It is not perhaps the most obvious rendering, but the green left-arm bowler in the Pakistan Super League (PSL) logo is based on Wasim Akram.
As at least one league official has pointed out, it looks more like a left-arm Abdul Razzaq. The choice makes plenty of sense — Pakistan has produced no greater bowler than Akram and not many, if any, greater cricketers.
Over a decade after his retirement, 15 years on from a beautiful peak and without an official role, Akram remains fixed in the Pakistani imagination.
It was never going to happen and especially not while Shahid Afridi was still active, but his star-man pose may have also been, in some ways, an apposite graphic.
Is that too unpalatable, especially for those purists who cannot help but dry retch over the way he has played the game?
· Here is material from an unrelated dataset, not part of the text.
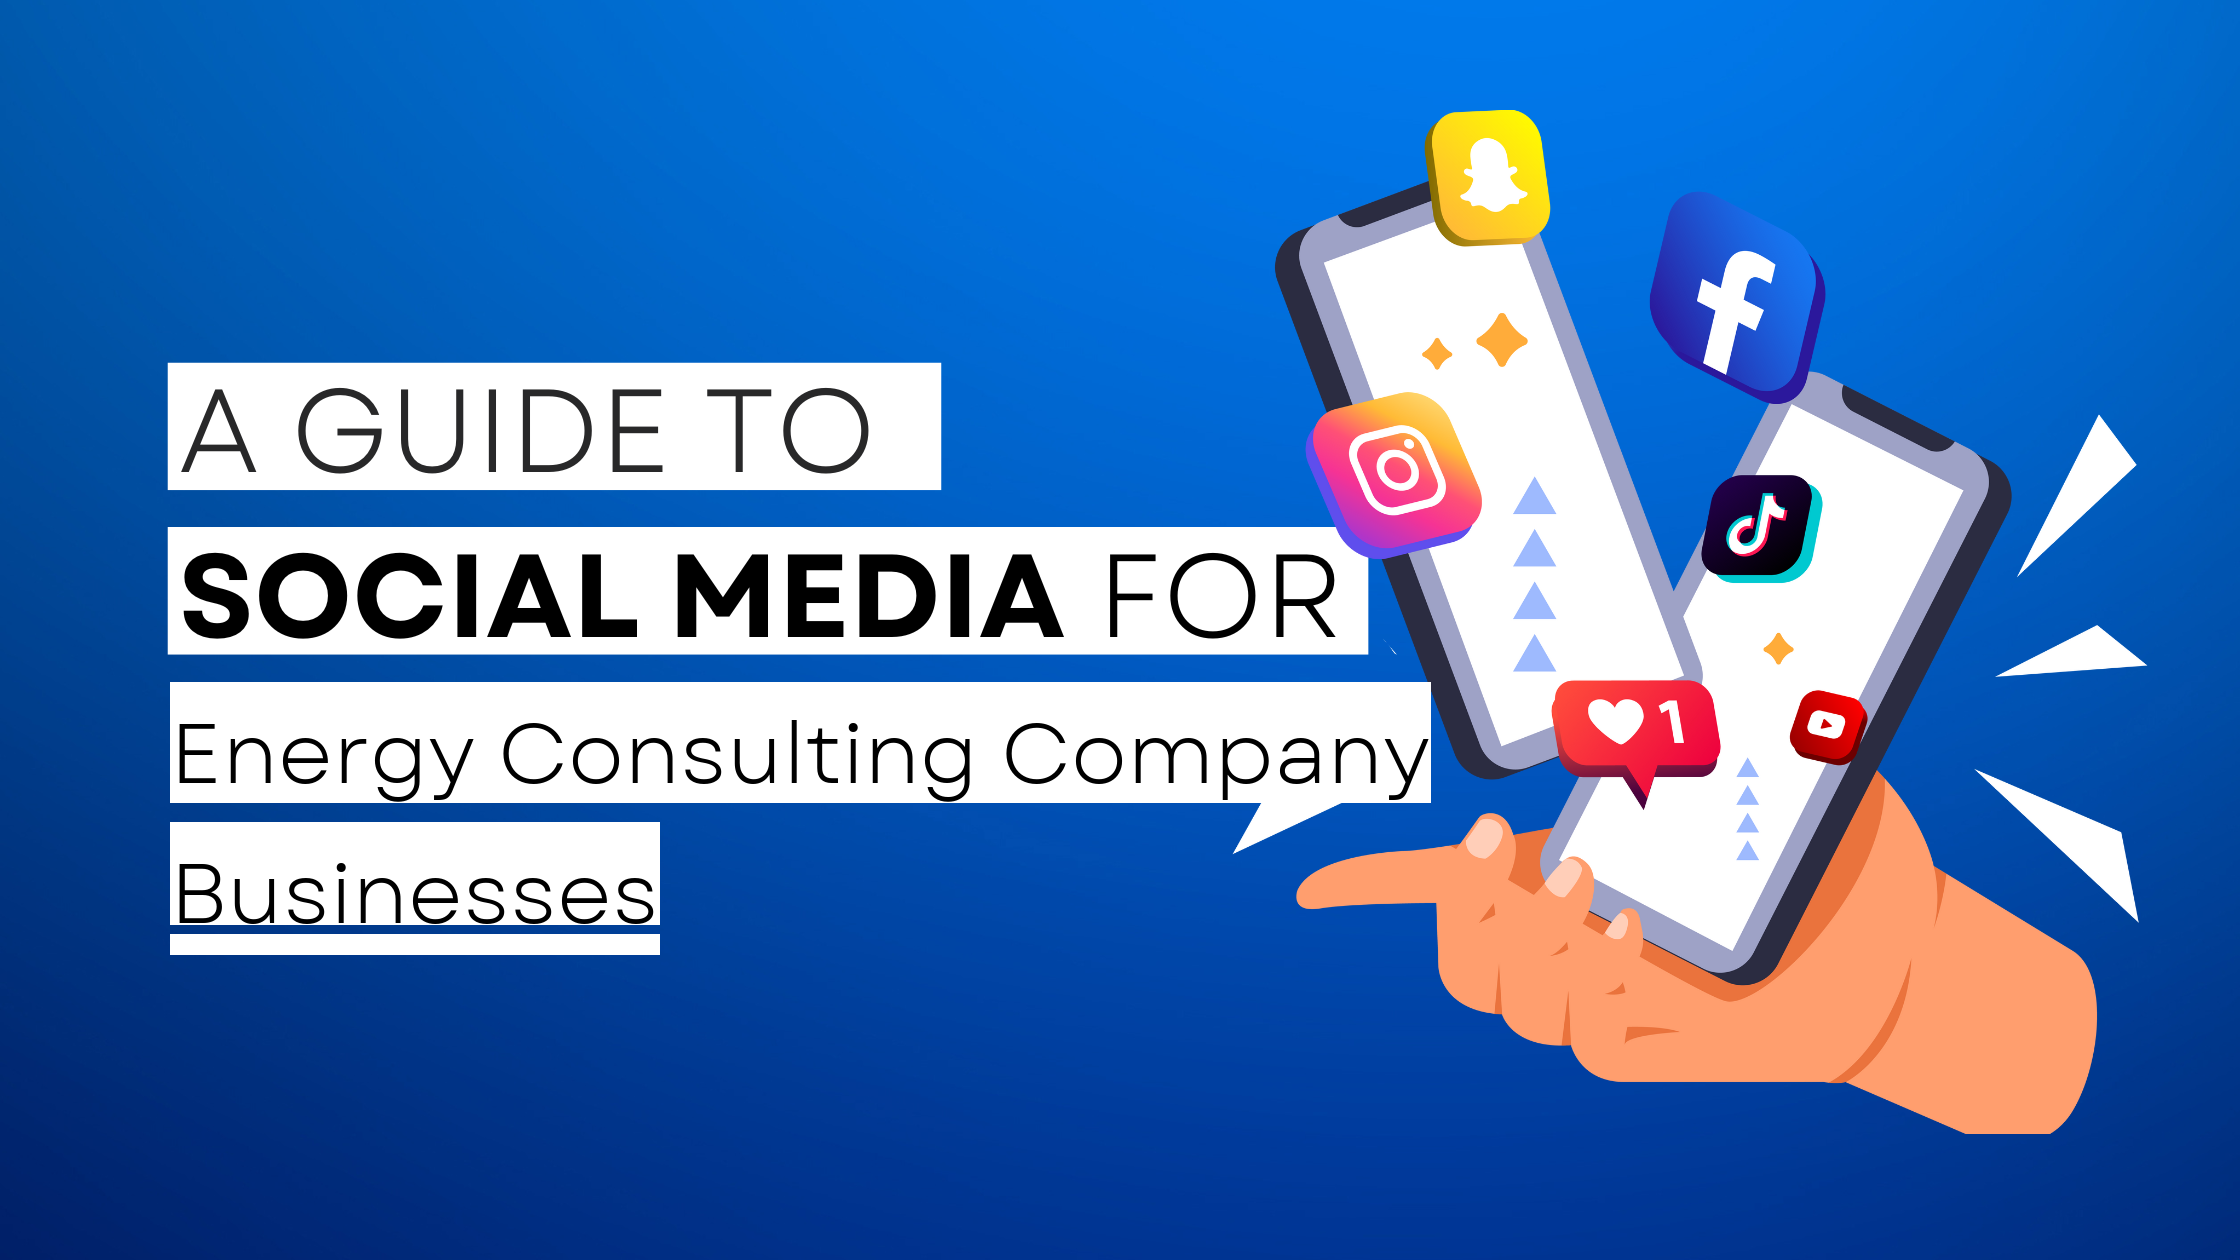 How to start Energy Consulting Company  on social media

Well, think of a cricketer who has been more emblematic of Pakistan’s modern age, in its general depreciation and foibles and also in its enduring ability to locate highs unseen elsewhere.
There has been no more prominent figure of the time in which he has played, now just a few months short of 20 years.
Heck, some days it is tempting — though not recommended — to use Afridi as the medium through which to interpret Pakistan: careless, impulsive, backward steps dimmed by electric bursts forwards.
When he debuted in October 1996, Pakistan were seven months on from hosting a World Cup final, in Lahore. They were a force in the world, part of an empowered Asian bloc, and part responsible for the most profitable World Cup until then.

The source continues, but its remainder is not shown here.